Streaming to a browser via Server-Sent Events

The common pattern: your backend calls Claude, streams the response, forwards it to the browser via SSE.

// Next.js API route (App Router)
import Anthropic from '@anthropic-ai/sdk'
import { NextRequest } from 'next/server'

const client = new Anthropic()

export async function POST(req: NextRequest) {
  const { message } = await req.json()

  const stream = client.messages.stream({
    model: 'claude-sonnet-4-6',
    max_tokens: 1024,
    messages: [{ role: 'user', content: message }]
  })

  const encoder = new TextEncoder()

  const readable = new ReadableStream({
    async start(controller) {
      for await (const chunk of stream) {
        if (
          chunk.type === 'content_block_delta' &&
          chunk.delta.type === 'text_delta'
        ) {
          controller.enqueue(encoder.encode(`data: ${JSON.stringify({ text: chunk.delta.text })}

`))
        }
      }
      controller.enqueue(encoder.encode('data: [DONE]

'))
      controller.close()
    }
  })

  return new Response(readable, {
    headers: {
      'Content-Type': 'text/event-stream',
      'Cache-Control': 'no-cache',
      'Connection': 'keep-alive',
    }
  })
}

// Browser client
const response = await fetch('/api/chat', {
  method: 'POST',
  headers: { 'Content-Type': 'application/json' },
  body: JSON.stringify({ message: userInput })
})

const reader = response.body!.getReader()
const decoder = new TextDecoder()

while (true) {
  const { done, value } = await reader.read()
  if (done) break

  const chunk = decoder.decode(value)
  const lines = chunk.split('\n').filter(line => line.startsWith('data: '))

  for (const line of lines) {
    const data = line.slice(6)
    if (data === '[DONE]') break
    const { text } = JSON.parse(data)
    appendToUI(text)  // your function to update the DOM
  }
}

Error handling mid-stream

Errors can occur after the stream has started — the connection can drop, the server can 529. Handle this at the stream level:

try:
    with client.messages.stream(...) as stream:
        accumulated = ""
        for text in stream.text_stream:
            accumulated += text
            print(text, end="", flush=True)
except anthropic.APIStatusError as e:
    print(f"\nStream error: {e.status_code} — {e.message}")
    # accumulated contains whatever was received before the error
    # decide: retry from scratch, or surface partial output
except anthropic.APIConnectionError:
    print("\nConnection dropped mid-stream")

For TypeScript:

try {
  for await (const chunk of stream) {
    // process chunks
  }
} catch (error) {
  if (error instanceof Anthropic.APIError) {
    console.error(`Stream failed: ${error.status} ${error.message}`)
  }
}

Accumulating a full response from a stream

If you need to process the complete output (parse JSON, run validation) but still want the UX of streaming:

buffer = ""
with client.messages.stream(...) as stream:
    for text in stream.text_stream:
        buffer += text
        # optionally show progress without showing partial JSON
        print(".", end="", flush=True)

print()  # newline after dots
data = json.loads(buffer)  # now parse the complete output

UX patterns worth knowing

Show a cursor or typing indicator while the stream opens but before the first token arrives. There is a ~300-500ms delay between the request and the first token. Without a visual signal, the interface looks frozen.

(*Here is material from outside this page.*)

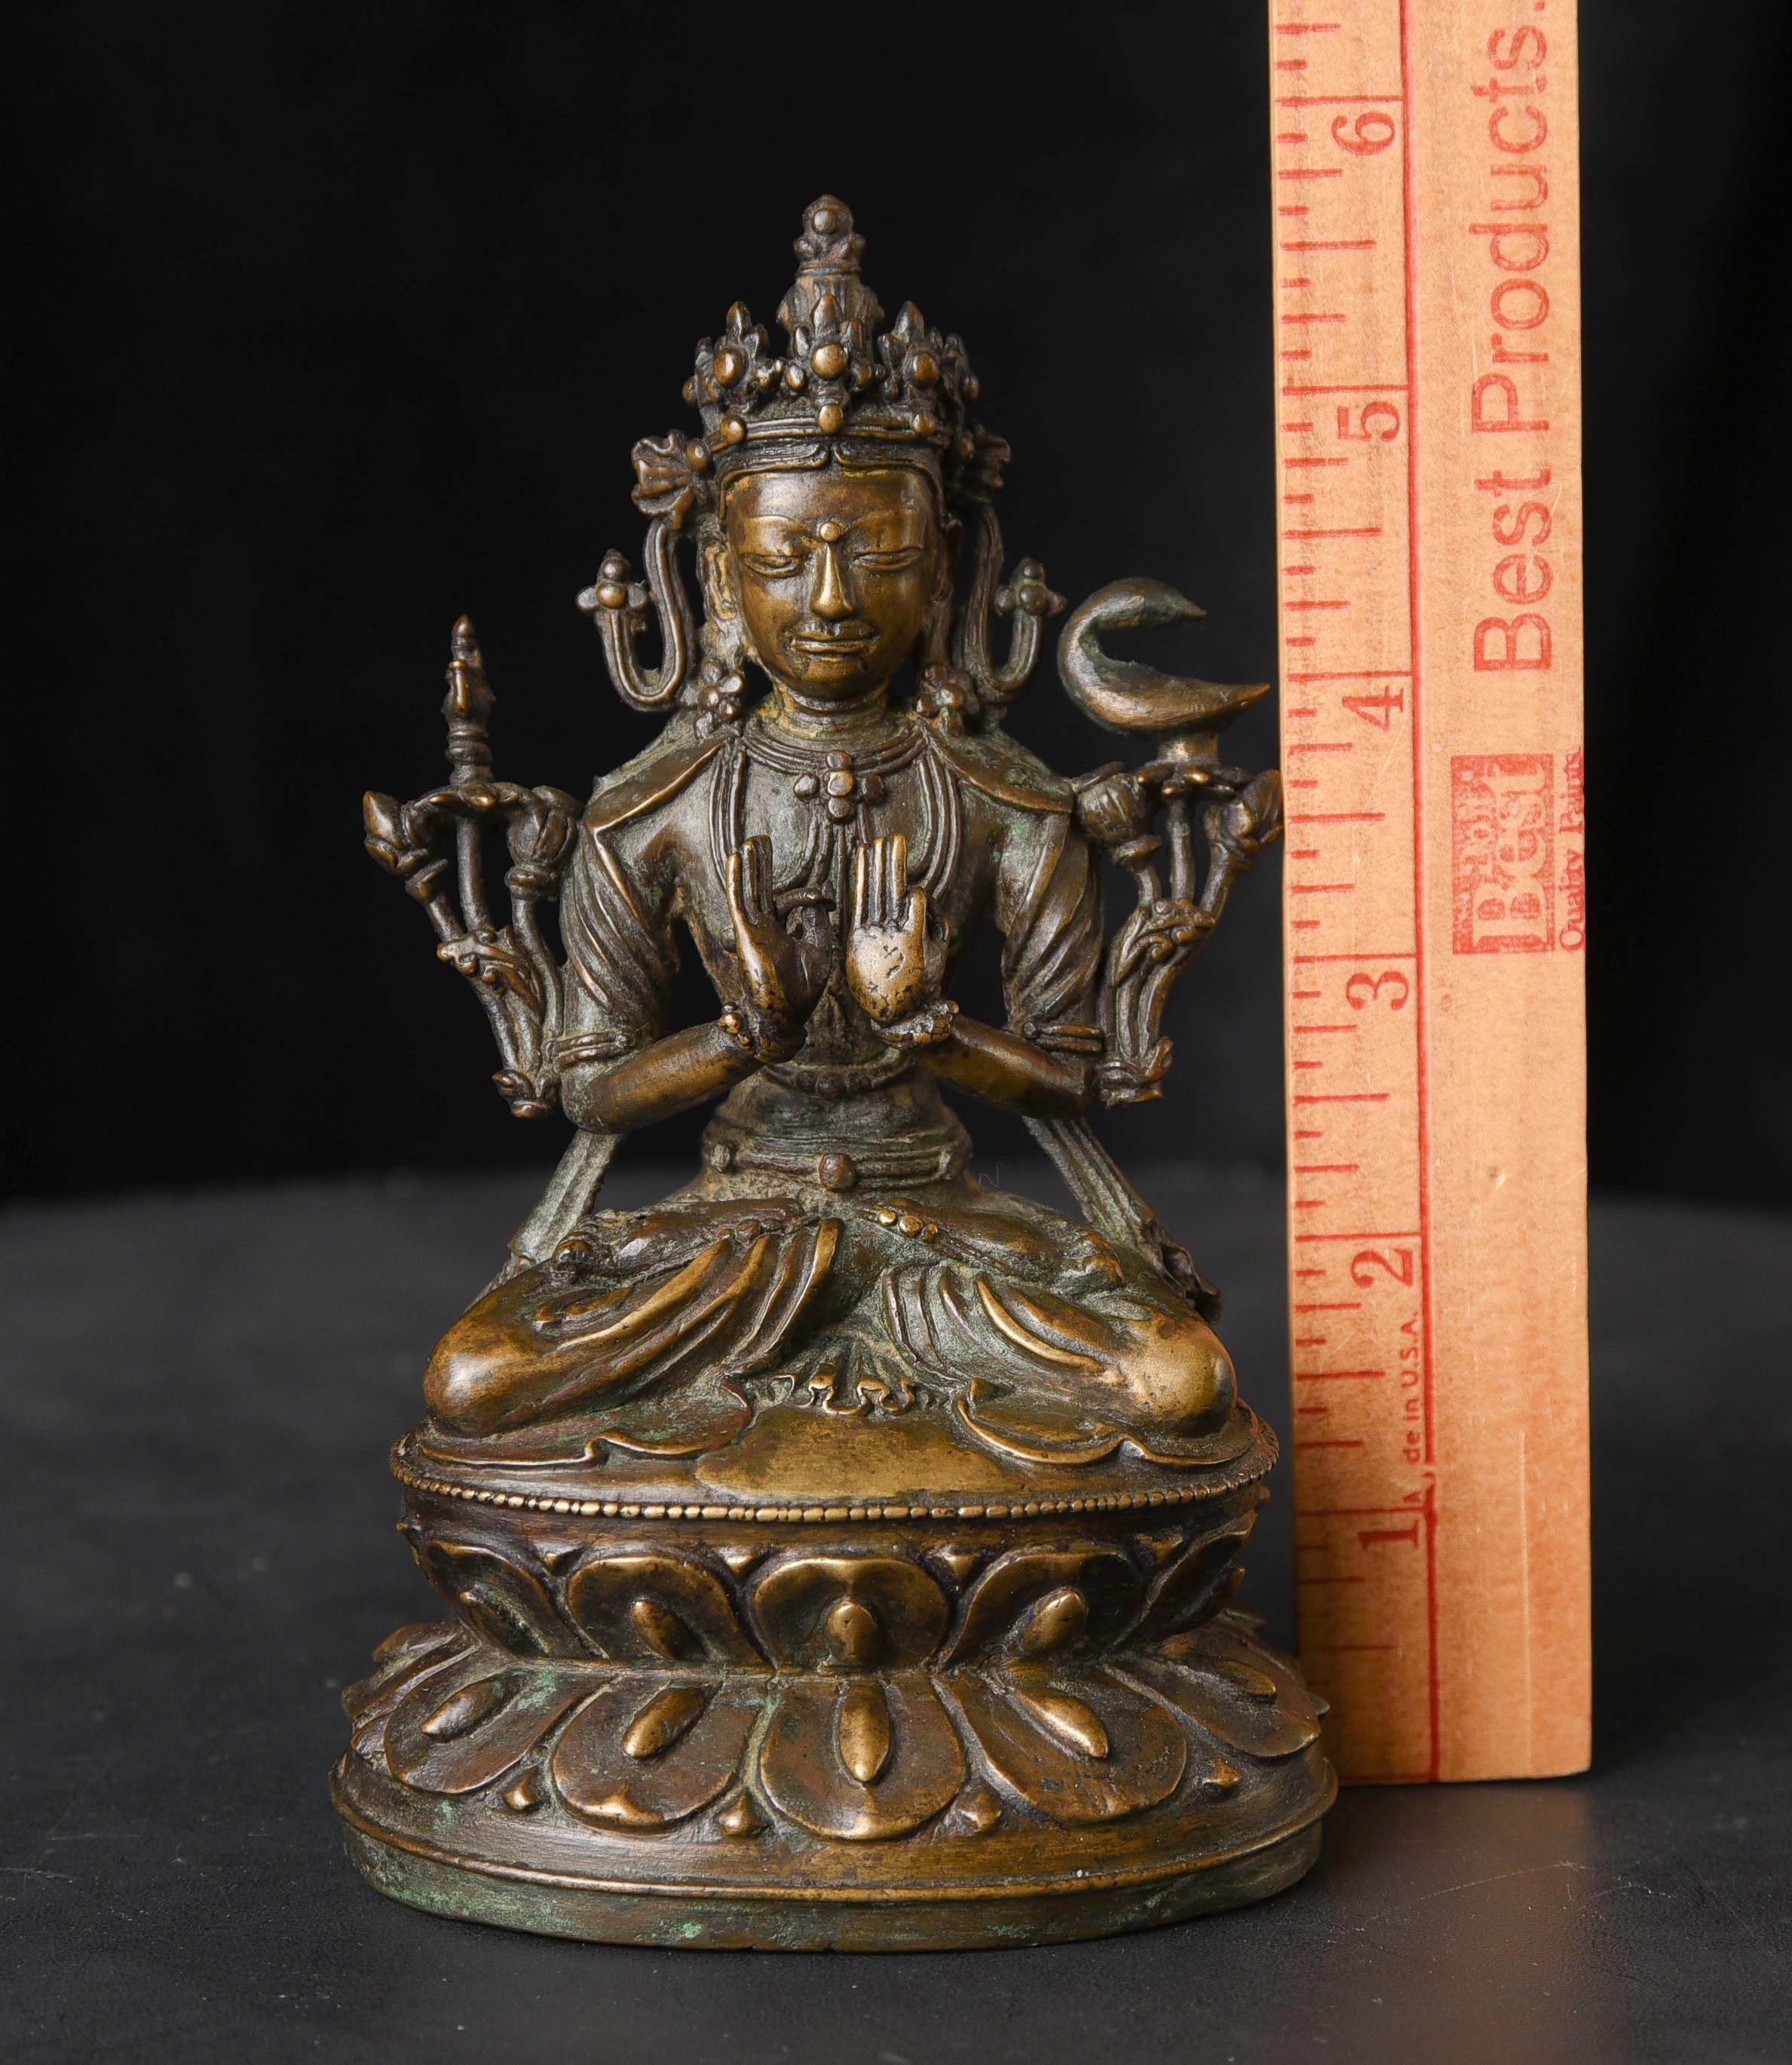 13/14. Jahrhundert Tibetischer Bronze-Buddha/Bodhisattva . Hervorragendes Exemplar - fein gegossen, wunderschön geschnitzt, mit einer schönen, unberührten, unverschuldeten Patina Bemerkenswert ist die Art und Weise, wie sie eine starke spirituelle

Do not render markdown mid-stream. If you convert markdown to HTML as tokens arrive, you get broken rendering — partial bold tags, half-rendered lists. Buffer until you have a complete "block" (paragraph break or two newlines), then render the completed block.

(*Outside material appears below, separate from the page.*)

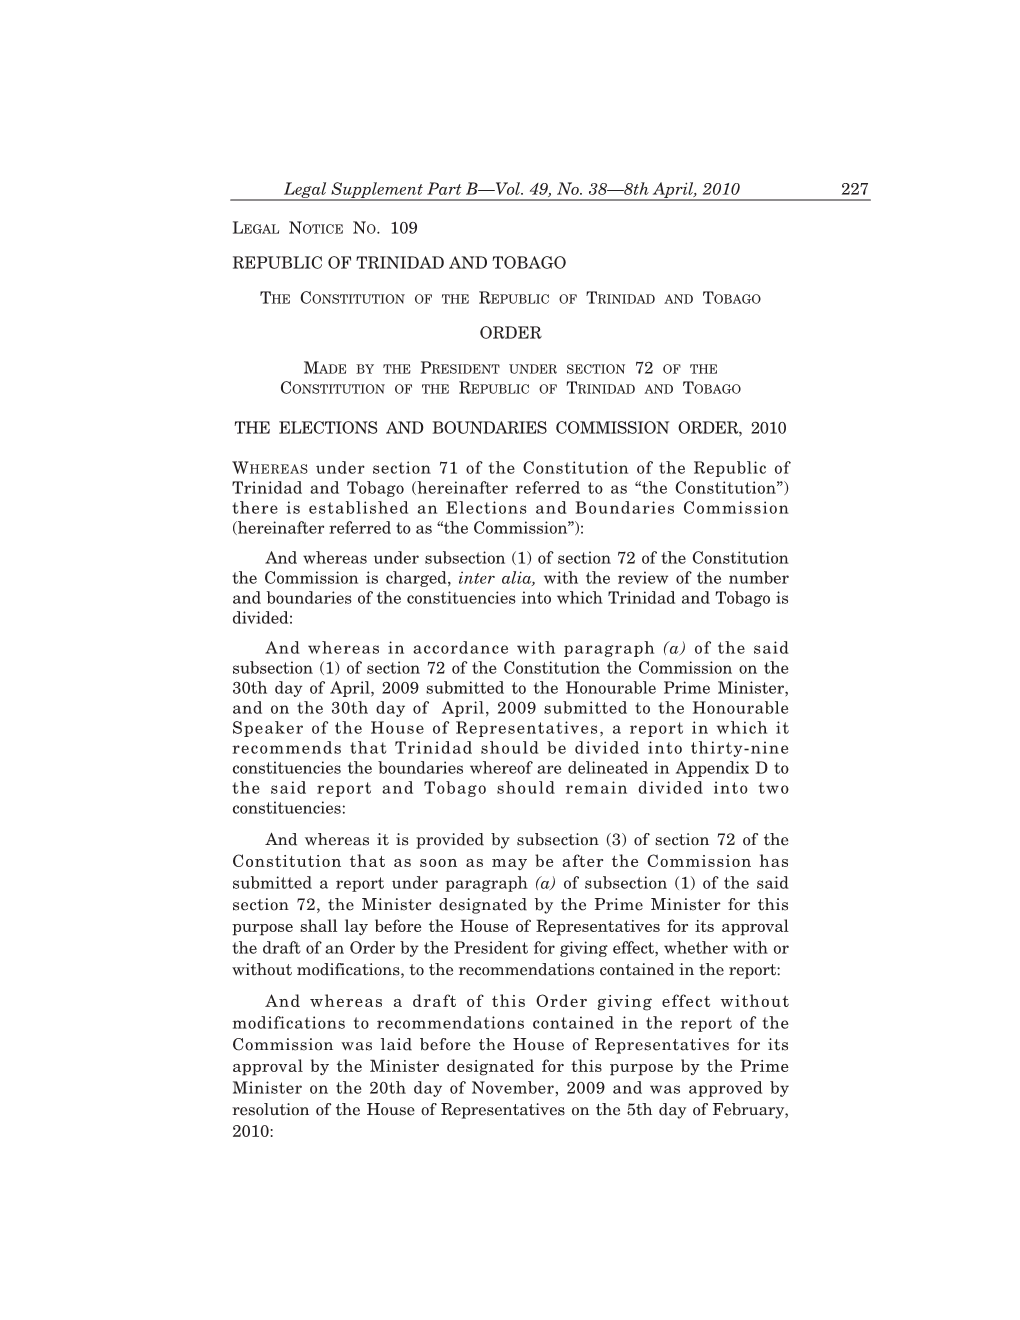 Legal Notice No. 109, Vol. 49. No. 38, 8Th April, 2010

Abort on user action. If the user navigates away or cancels, close the stream:

const controller = new AbortController()

const stream = await client.messages.stream(
  { model: 'claude-sonnet-4-6', max_tokens: 1024, messages },
  { signal: controller.signal }
)

// Call this on user cancel / component unmount
controller.abort()

Do not re-render on every token. React state updates on every character means hundreds of re-renders per response. Batch updates with requestAnimationFrame or accumulate into a ref and flush periodically.